I’ve had a lot of time in 2019 to reflect on this new normal in our lives and because the purpose of this blog is to inform the reader on this experience, I’ve been trying to find the perfect way to describe what it’s like.
I wonder a lot why anyone bothers to read this blog. I assume family and close friends check in to see how we’re doing and what the news is. I’m sure some readers are here to be supportive and to get the low-down. Then there are the readers that I closely identify with ; the “tell me everything because I’m scared that if it can happen to you, it can happen to me and I NEED to know what I’m facing” type. That was me, 100%.
I’m that particular brand of nervous-nelly who is a hypochondriac. I’m sure many of you remember the time I revealed that I actually googled “symptoms of hypochondria” once. I’m that weirdo that reads an obituary of a young person and screams inside my head…… “Why didn’t you tell us what they died from? I need to know if I’m safe from their fate!!” If someone is willing to put out there the details of what ails them, I have to know it all- not because I’m nosy, but because I’m afraid the same will happen to me. This post is written for those like me…. the ones who want to read the travel brochure about Cancer Town, but hope they never live there.

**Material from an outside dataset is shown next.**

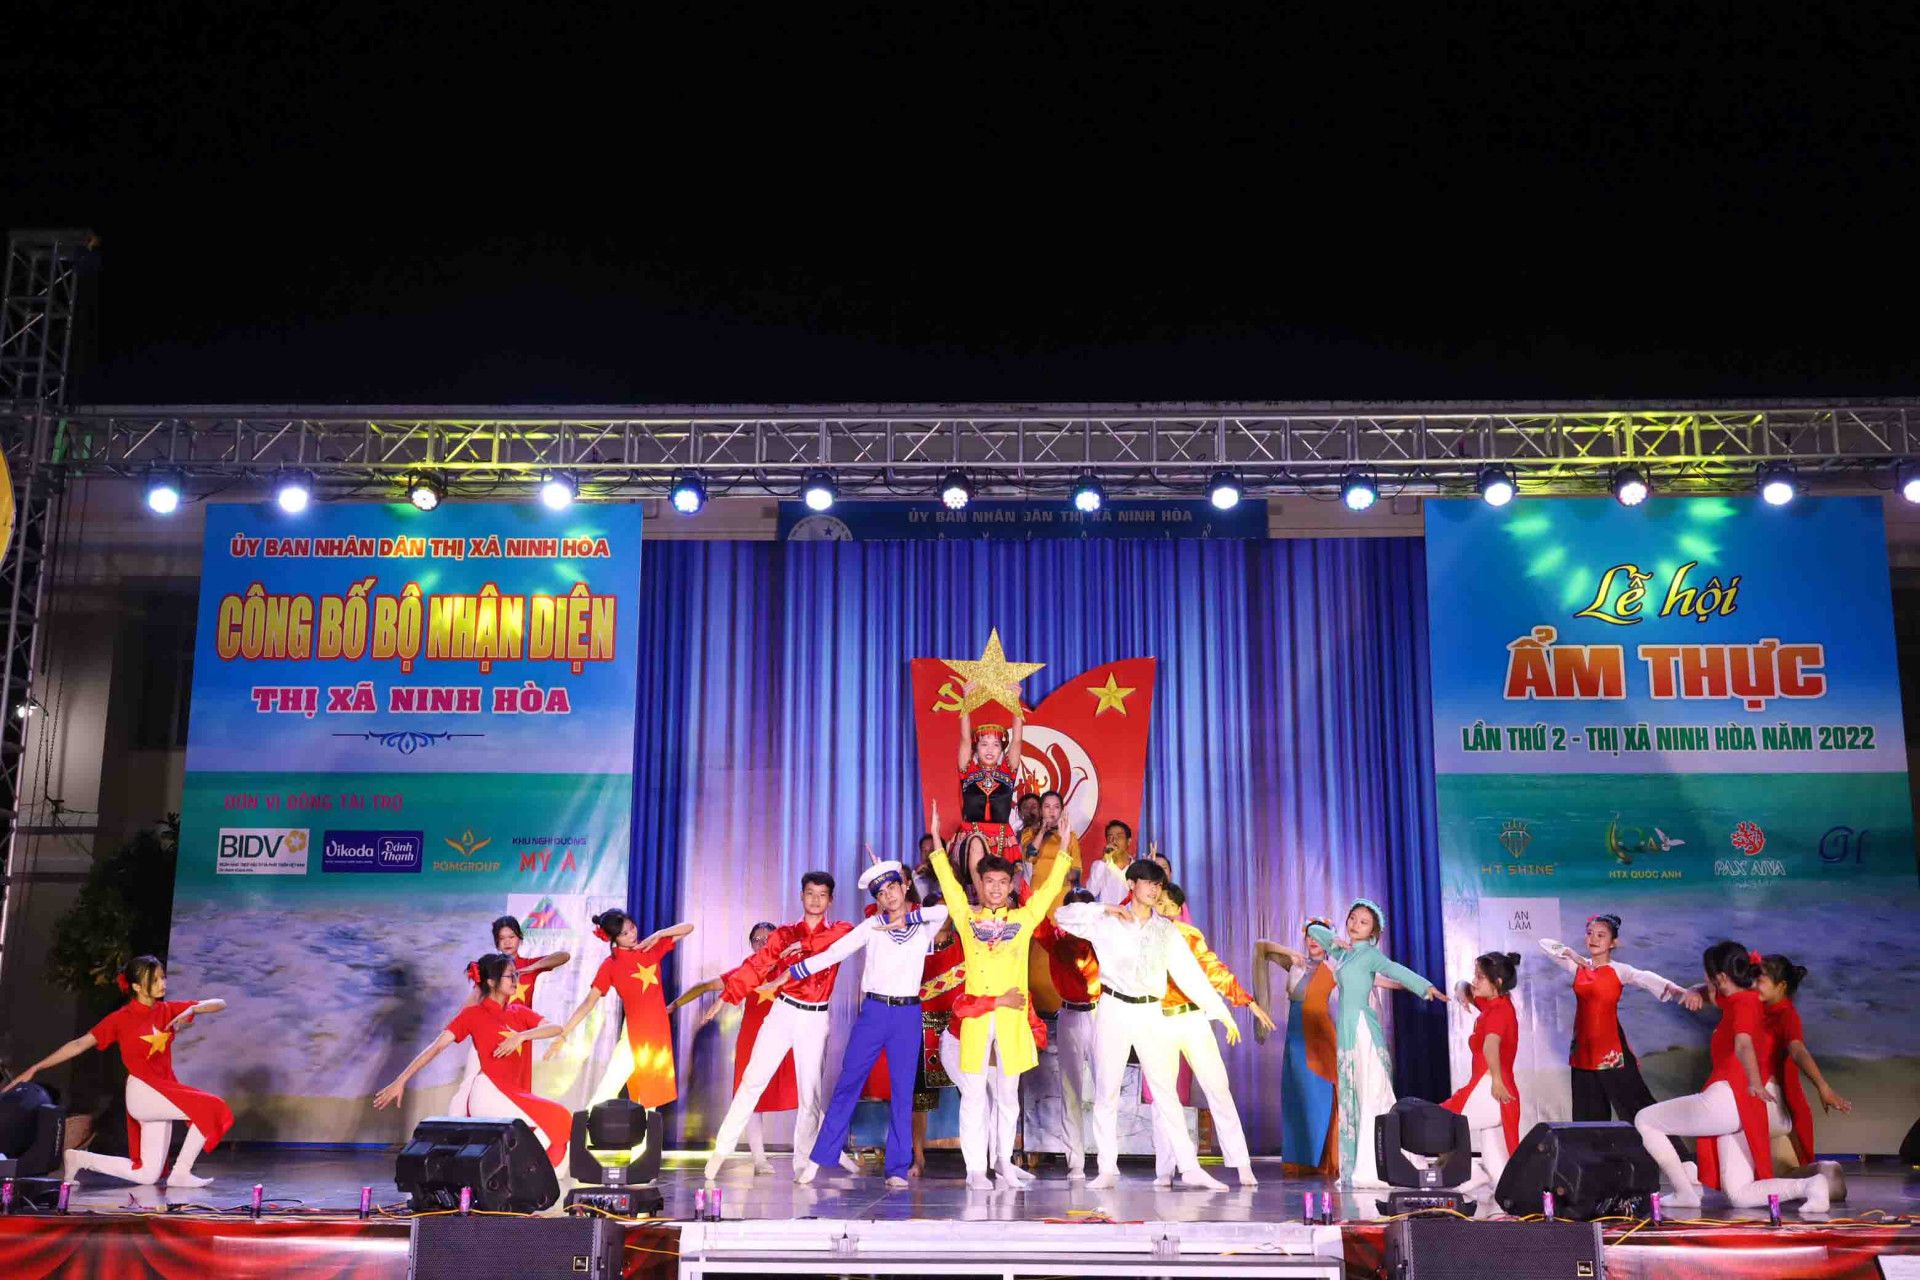 Khu vực sân khấu trung tâm lễ hội luôn có sự tham gia biểu diễn các tiết mục văn nghệ xuất sắc được chọn lọc từ Hội diễn nghệ thuật quần chúng thị xã Ninh Hòa năm 2022. 
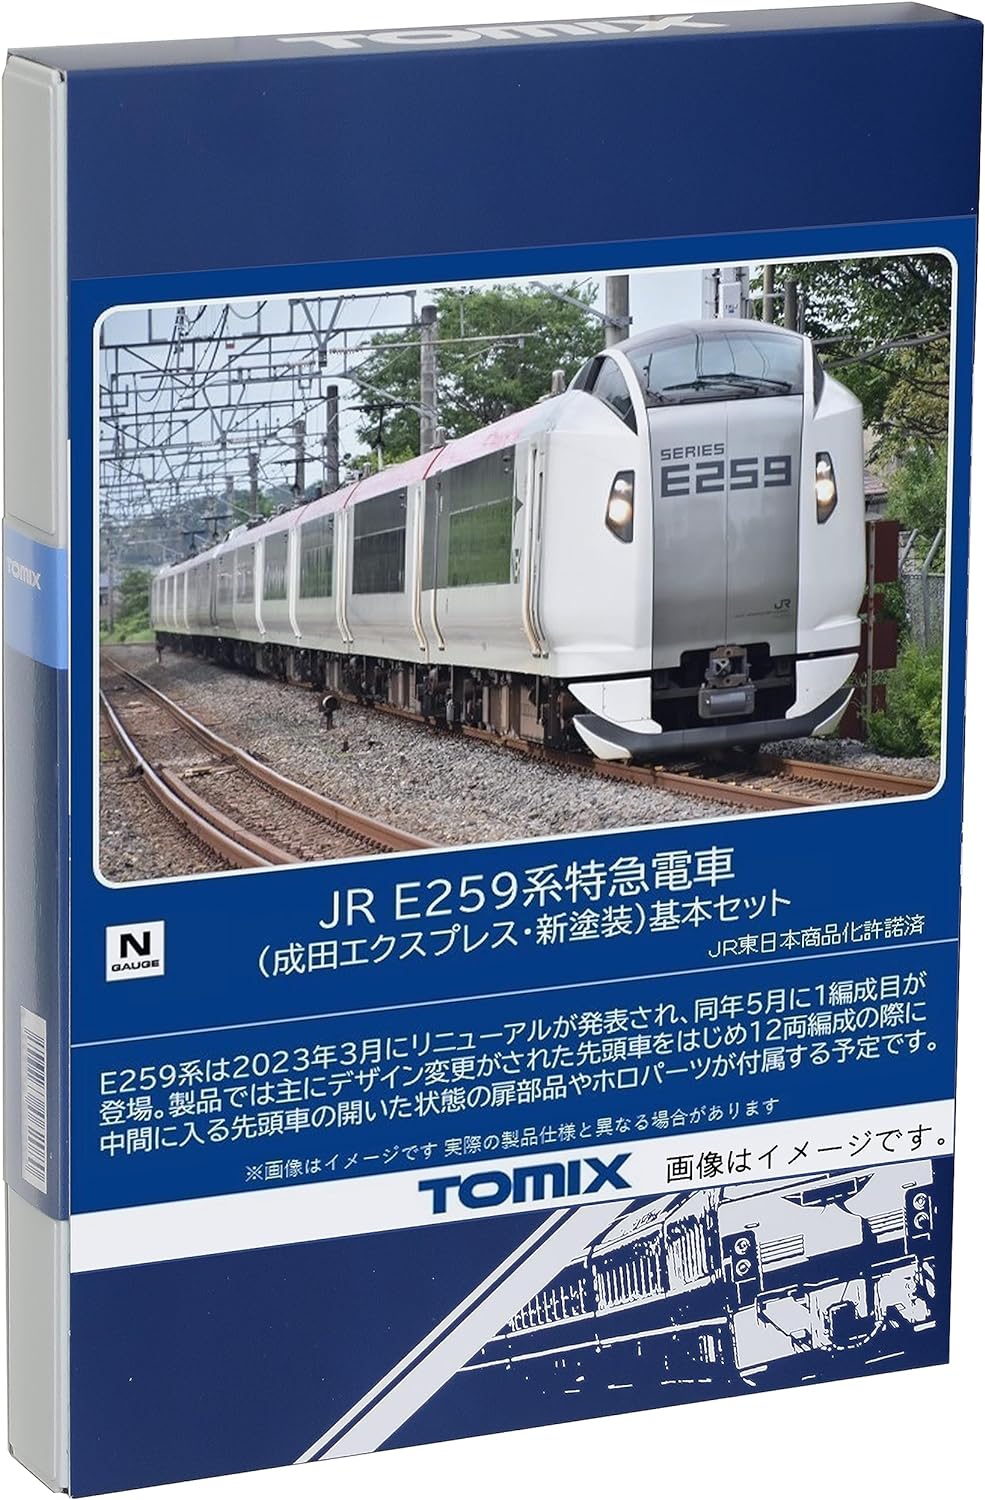 TOMIX 98552 N Gauge JR E259 Series Narita Express New Paint Extension Set Railway Model Train - BanzaiHobby

Before March 24 I really had no idea what it was like to live with a chronic illness. I mean, technically I guess I had been living with cancer for approximately 5-10 years, I just didn’t know it. When I was a kid (before the amazing leaps and bounds science has made in cancer treatments) when someone was diagnosed with cancer, they usually died pretty soon there after. My father’s aunt was diagnosed with liver cancer in May and by January she was gone. This was my closest experience with cancer until I was an adult and David’s uncle was diagnosed with a brain tumor a few years ago. I think most people of my generation had the same type of experience – cancer was a death sentence, one that was usually carried out in a short period of time and the amount of time those poor souls did have after a diagnosis was filled with pain and illness and terrible treatments that seemed to make them worse rather than better. Thankfully, that is not the experience many of us have now.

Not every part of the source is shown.